Commercial devices have the advantage of being standardized and simpler, but have limitations of their respective devices. Some can not remove specific impurities well, and some PRP preparations are not high in concentration. Basically, all commercial equipment cannot be individually and accurately prepared. This is the biggest problem with standardized equipment. At present, only precise individualized laboratory preparation technology can cover all patient needs, which has high requirements on laboratory technology.
The Classification of PRP
In 2006, Everts et al proposed the concept of leukocyte-rich PRP. Therefore, PRP can be roughly divided into two types according to the number of leukocytes contained: PRP with poor leukocytes and PRP with rich leukocytes.
1) Platelet-rich plasma containing high concentration of leukocytes, referred to as L-PRP (Leukocyte Platelet-Rich Plasma, containing a small amount of red blood cells), is mainly used for refractory wounds, diabetic foot, gout with non-healing wounds, bone repair, nonunion, bone marrow inflammation and other clinical treatment.
2) Platelet-rich plasma without or with low concentrations of leukocytes is referred to as P-PRP (Pure Platelet-Rich Plasma, without red blood cells), mainly used for sports injuries and degenerative diseases, including meniscus injuries, ligament and tendon injuries, tennis elbow, knee Arthritis, cartilage degeneration, lumbar disc herniation and other diseases.
3) After the liquid PRP is activated by thrombin or calcium, a gel-like PRP or PRF can be formed. (First prepared by Dohan et al. in France)
In 2009, Dohan Ehrenfest et al. proposed 4 classifications based on the presence or absence of cellular components (such as leukocytes) and fibrin structure:
1) Pure PRP or leukocyte-poor PRP: The prepared PRP has no leukocytes, and the content of fibrin after activation is low.
2) White blood cells and PRP: contain white blood cells, and the content of fibrin after activation is low.
3) Pure PRF or leukocyte-poor PRF: the preparation does not contain leukocytes and has high-density fibrin. These products come in the form of activated gels and cannot be used for injection.
4) Leukocyte-rich fibrin and PRF: containing leukocytes and high-density fibrin.
In 2016, Magalon et al. proposed the DEPA classification (dose, efficiency, purity, activation), focusing on PRP platelet count, product purity, and platelet activation.
1. Platelet injection dose: Calculate by multiplying platelet concentration by platelet volume. According to the injected dose (in billions or millions of platelets), it can be divided into (a) very high dose: >5 billion; (b) high dose: from 3 billion to 5 billion; (c) medium dose: from 1 billion to 3 billion; (d) low dose: less than 1 billion.

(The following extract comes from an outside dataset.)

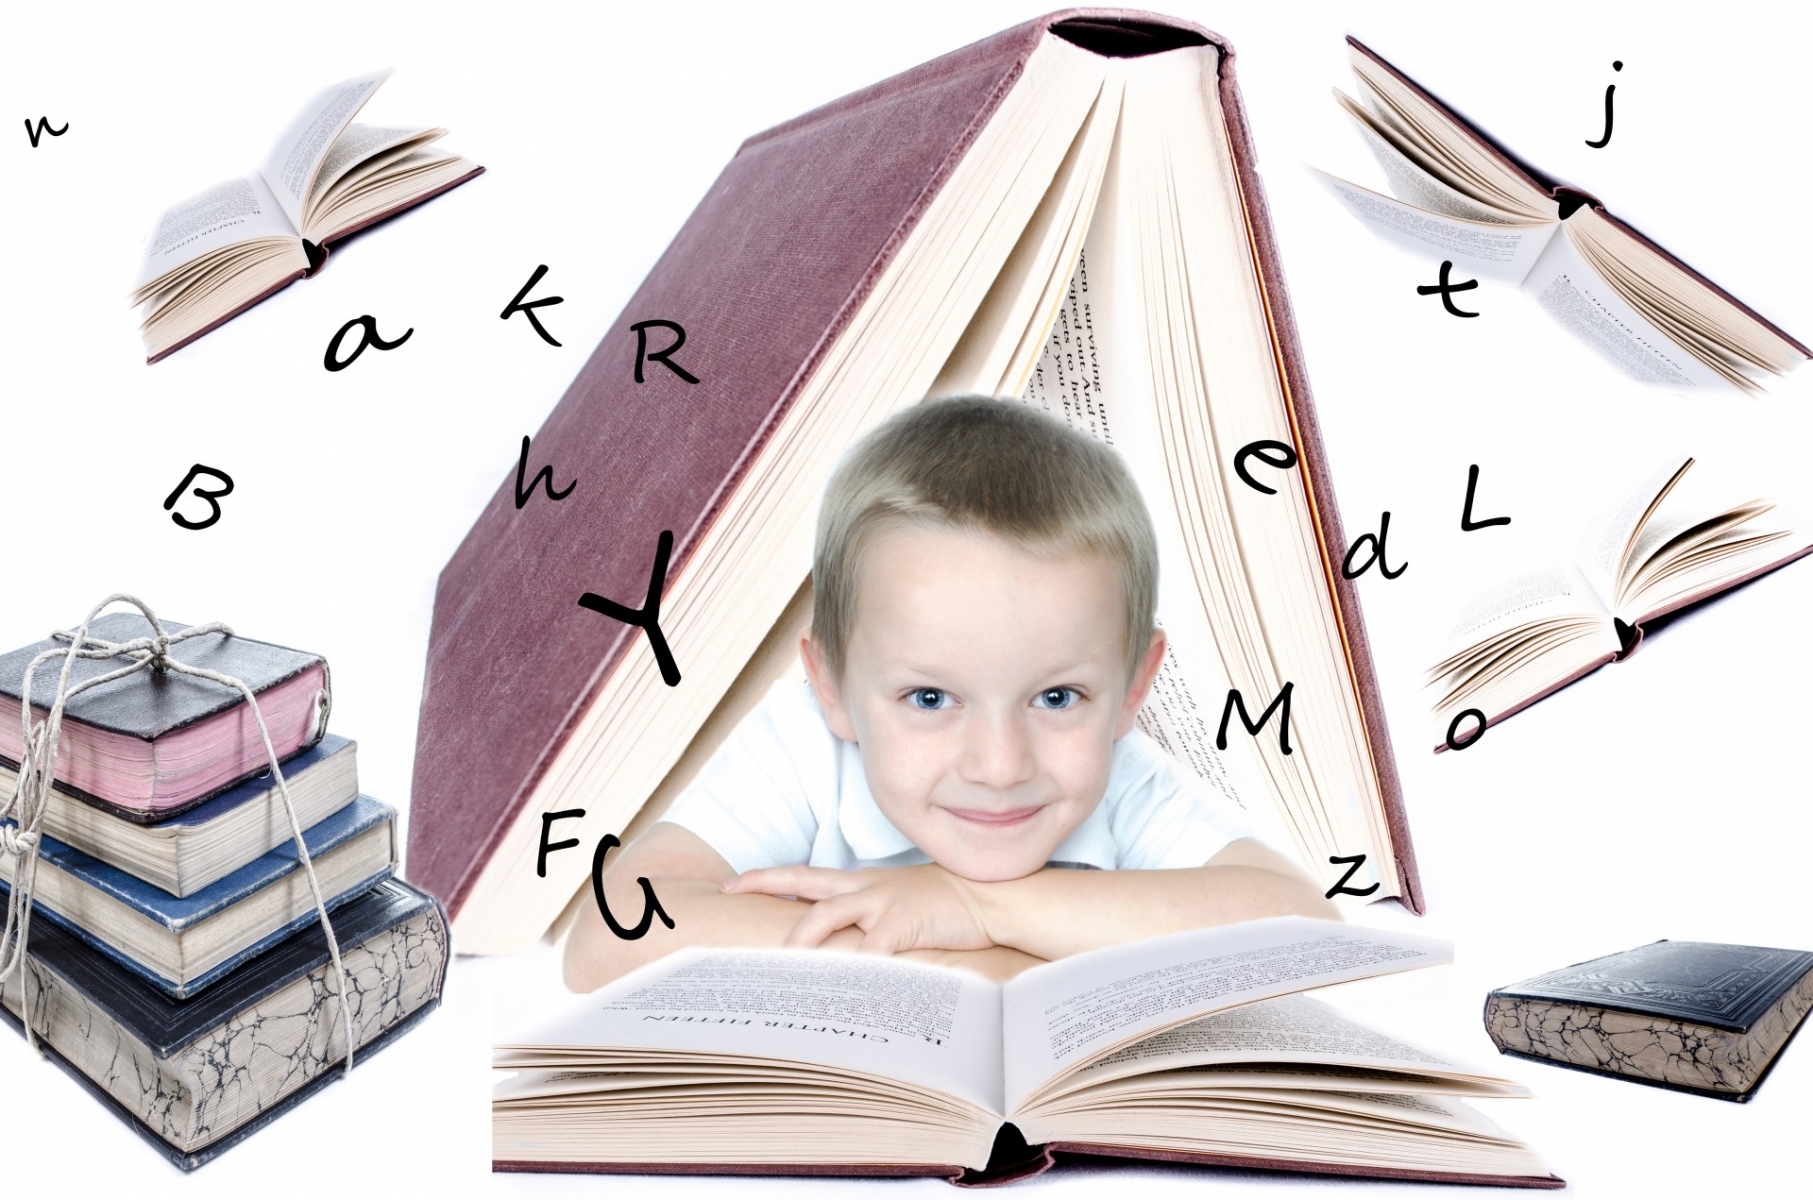 Có nhiều khía cạnh của ngôn ngữ mà trẻ em sẽ tiếp thu nhanh hơn người lớn

2. Preparation efficiency: the percentage of platelets collected from blood. (a) High device efficiency: platelet recovery rate >90%; (b) medium device efficiency: platelet recovery rate between 70-90%; (c) low device efficiency: recovery rate between 30-70%; (d) The equipment efficiency is extremely low: the recovery rate is less than 30%.
3. PRP purity: It is related to the relative composition of platelets, white blood cells and red blood cells in PRP. We describe it as (a) very pure PRP: >90% platelets relative to erythrocytes and leukocytes in PRP; (b) pure PRP: 70-90% platelets; (c) heterogeneous PRP: % platelets Between 30-70%; (d) Whole blood PRP: the percentage of platelets in PRP is less than 30%.
4. Activation process: whether to activate platelets with exogenous coagulation factors, such as autologous thrombin or calcium chloride.